Some storage devices can communicate directly with other storage devices, which is used to back up data.

Ring switches and fabric architecture

If all devices in the ring "know" about the fabric architecture, the ring switch transmits the necessary frames in the normal way, such as Fabric Login frames. If the devices in the ring do not support the fabric architecture, the ring switch must itself perform a sufficiently large
workload.
Some vendors' ring switches do not support cascading. Additionally, some ring switches require a firmware update before connecting to fabric switches. Some switches must be upgraded to fully support the fabric architecture before connecting them to the SAN.
FC-AL switches are manufactured by companies such as Brocade, McDATA, Gadzoox Networks, Vixel and QLogic.

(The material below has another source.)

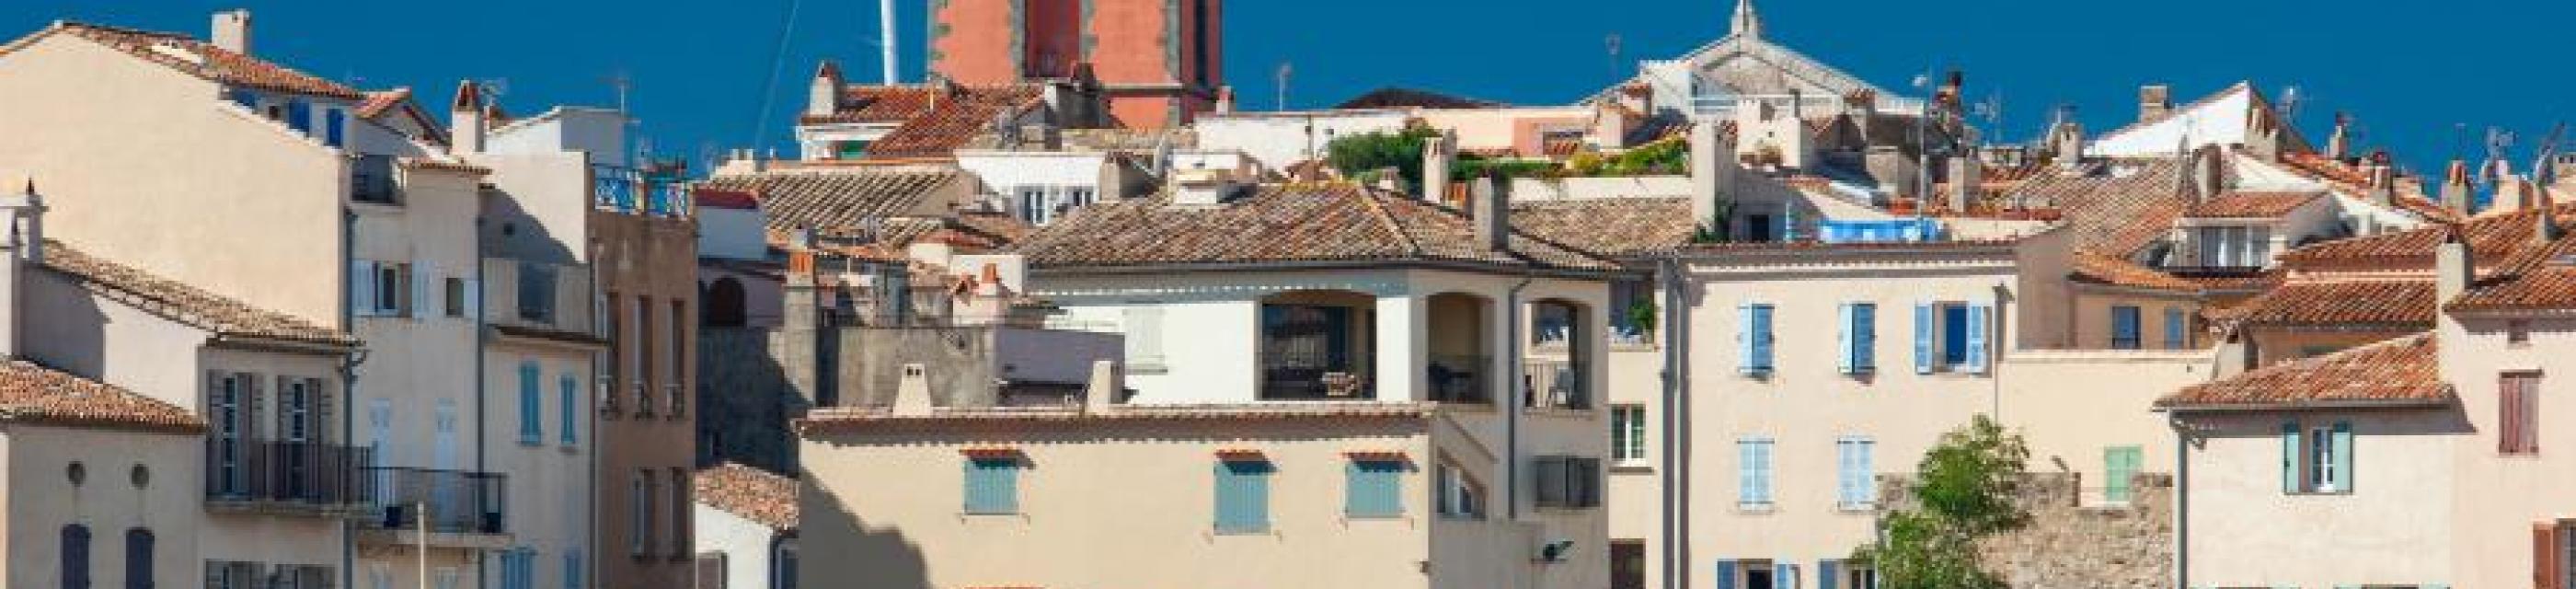 Histoire de la ville de Saint Tropez et de son riche patrimoine

7.4.3 Fiber Channel switches

Fiber Channel Fabric Switches (FC-SW) provide multiple high-speed communication sessions simultaneously with all devices. At the moment, the main switches support speeds of about 1 Gbps, while speeds of 2 Gbps are also no longer a wonder. In general, fabric architecture switches are more expensive per port than hubs and FC-AL switches, but they provide much more functionality.
Fabric architecture switches are more efficient than hubs and FC-AL switches. For example, switches provide the special services described above, provide flow control through basic control packets, and, more importantly, some switches are capable of emulating FC-AL functionality to provide backward compatibility with older devices.
Some fabric switches support unbuffered routing. The idea is that when a frame header is received, the switch quickly finds the destination header while the frame is still being received. The advantage of this approach is the reduction of delays in frame delivery and the absence of the need to store the contents of the frame in buffer memory. The disadvantage is the immediate transmission of all frames, including damaged ones.
Fabric switches play an important role in the security of Fiber Channel storage networks.

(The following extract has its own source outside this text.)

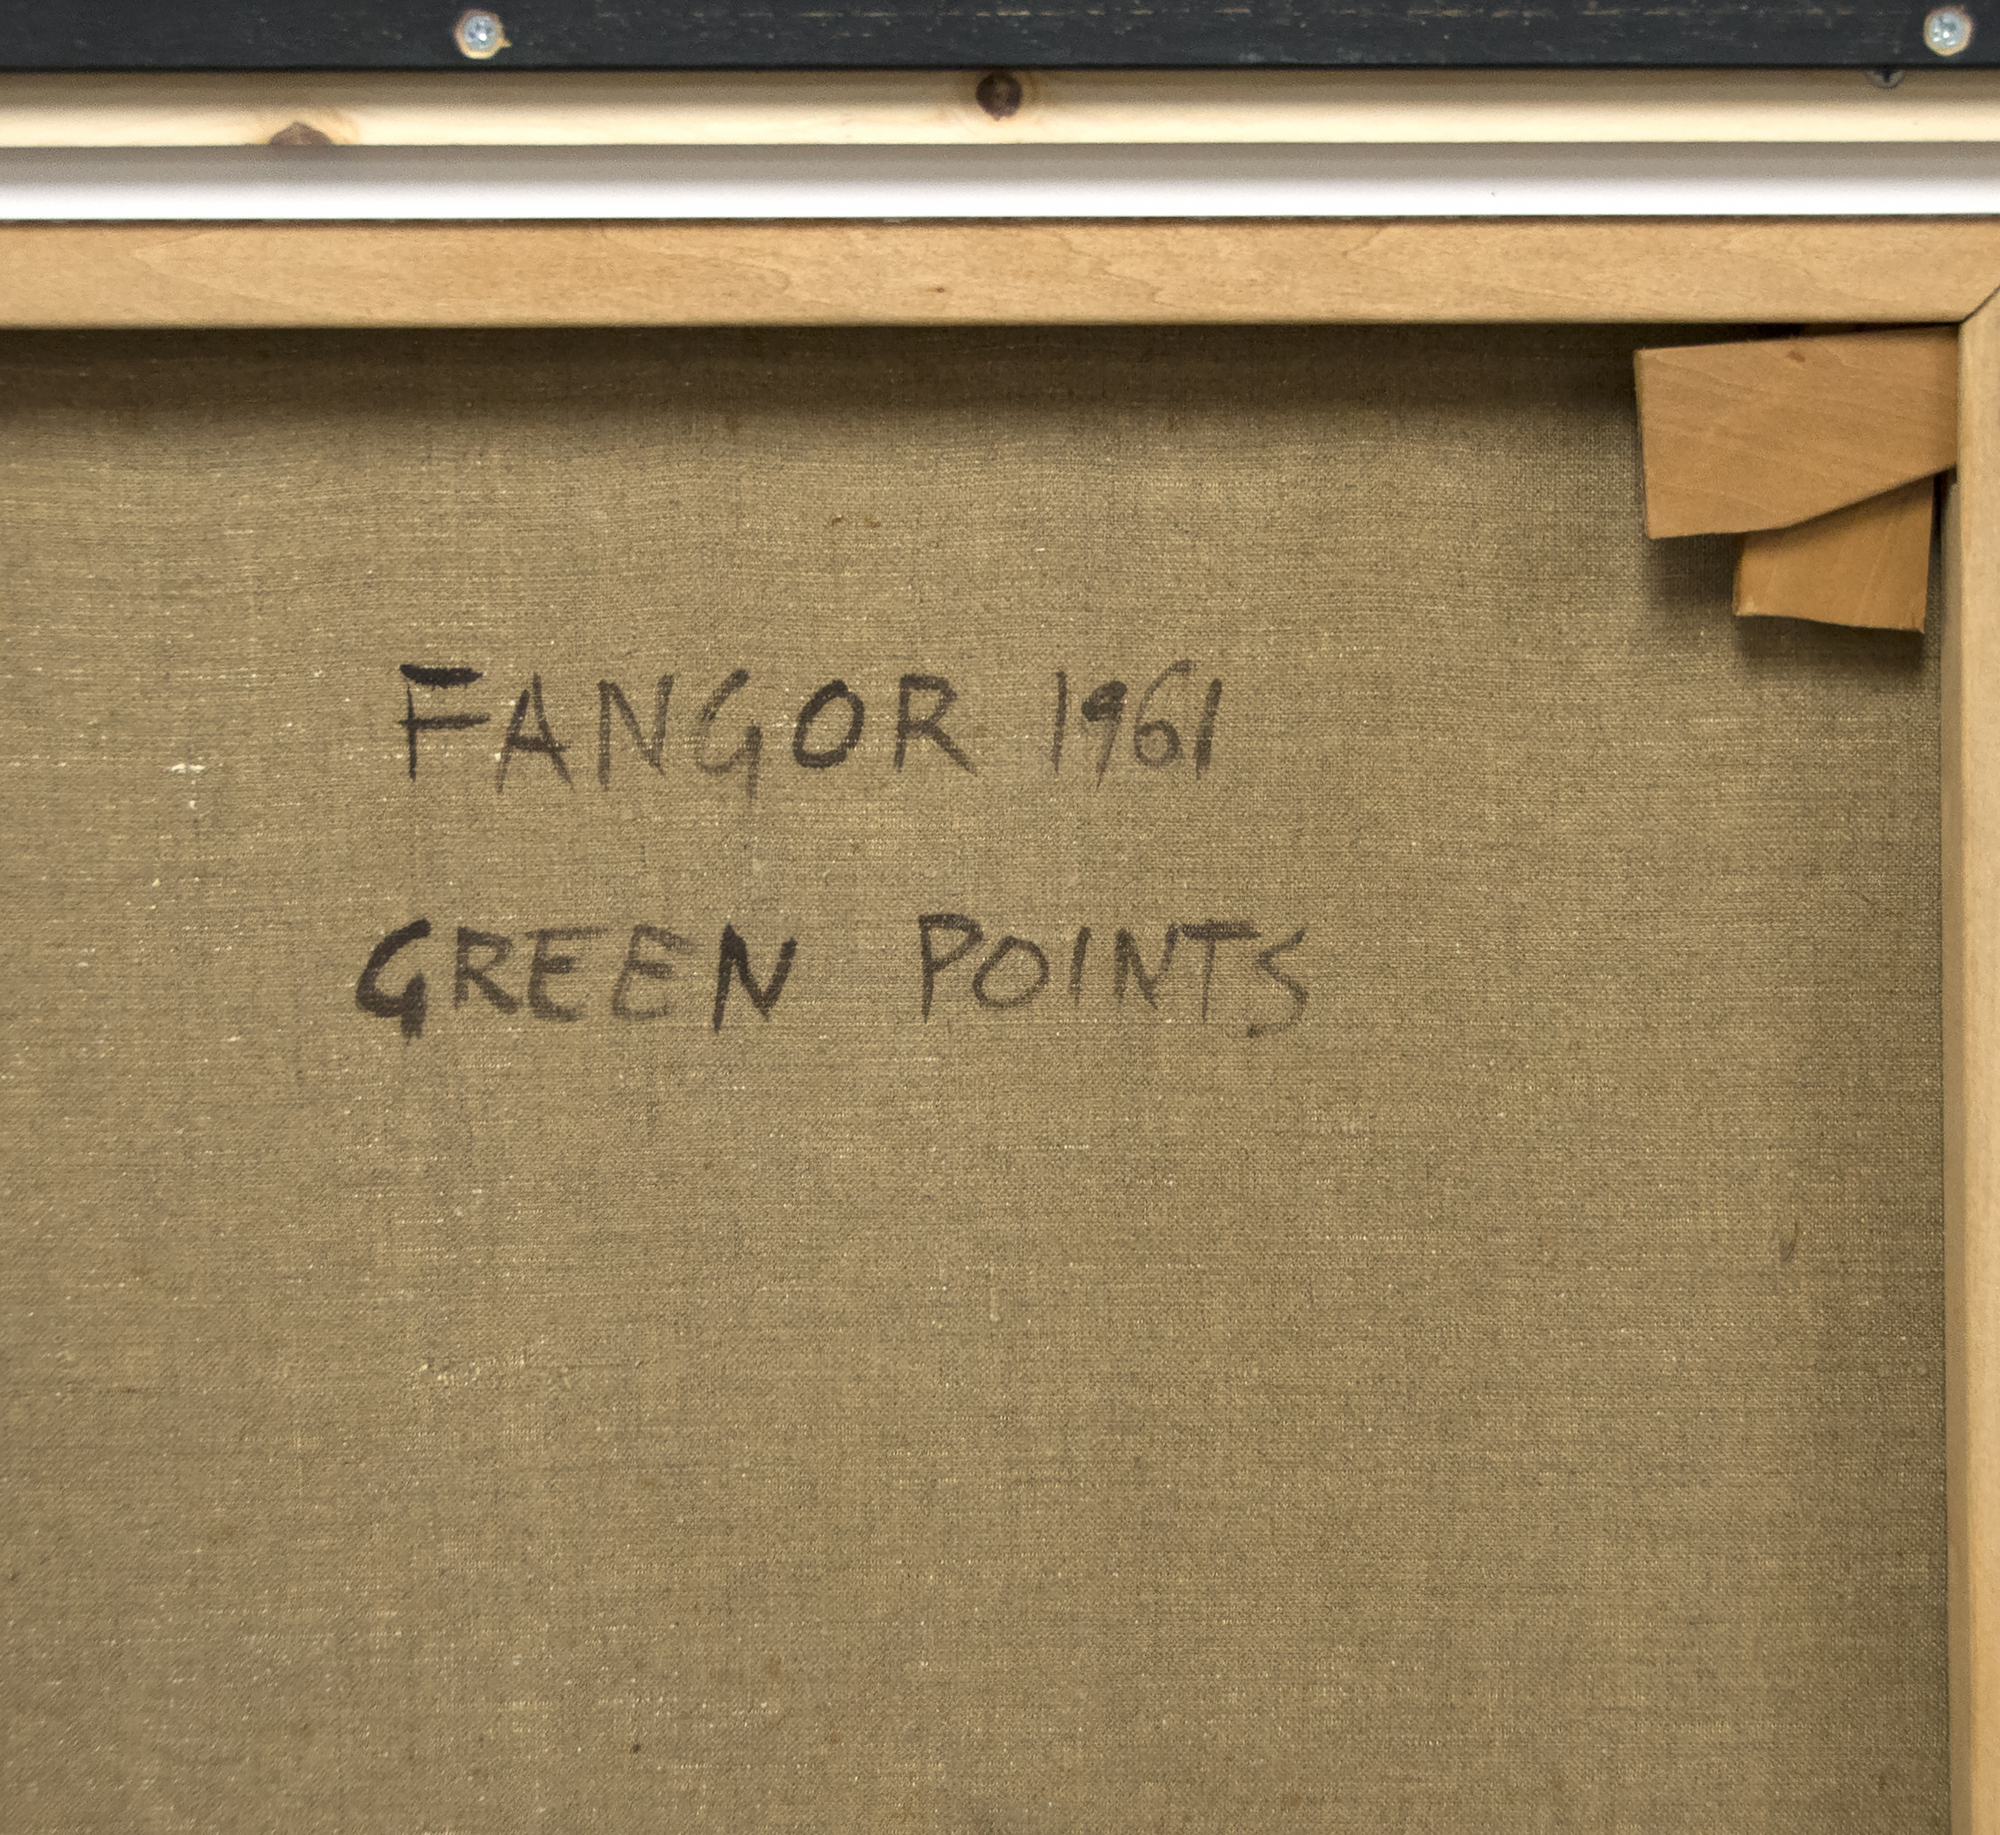 WOJCIECHファンゴール - グリーンポイント - キャンバスに油彩 - 52 7/8 x 33 1/2インチ。

7.4.4 Comparison of three connection devices

The table summarizes the functionality and differences between the three types of Fiber Channel devices.

7.4.5 Bridges and routers

In this chapter and throughout the article, the terms bridges and routers do not refer to traditional Ethernet bridges and IP routers. In this case, bridges and routers refer to devices for Fiber Channel, and not for Layer 2 and Layer 3 network protocols.
Bridges are devices that provide interoperability between Fiber Channel and legacy protocols such as SCSI. Fiber Channel to SCSI bridges allow you to preserve your existing SCSI storage investment. Such bridges support SCSI interfaces and Fiber Channel and convert data from the two protocols. This way, a new server with a Fiber Channel HBA installed can access existing SCSI storage devices. Bridges provide an interface between the parallel SCSI bus and the Fiber Channel interface. Routers have similar capabilities, but for multiple SCSI buses and Fiber Channel interfaces. Storage routers, or smart bridges, provide additional capabilities such as LUN masking and mapping, and support SCSI Extended Copy commands. As data transfer devices, routers use Extended Copy commands for use by storage libraries, allowing data to be copied between a specified target device and a connected library. This feature is also called independent backup (serverless).
Examples of router and bridge manufacturers include Crossroads Systems, Chaparral Network Storage, Advanced Digital Information Corporation (ADIC after acquiring Path-light), and MTI.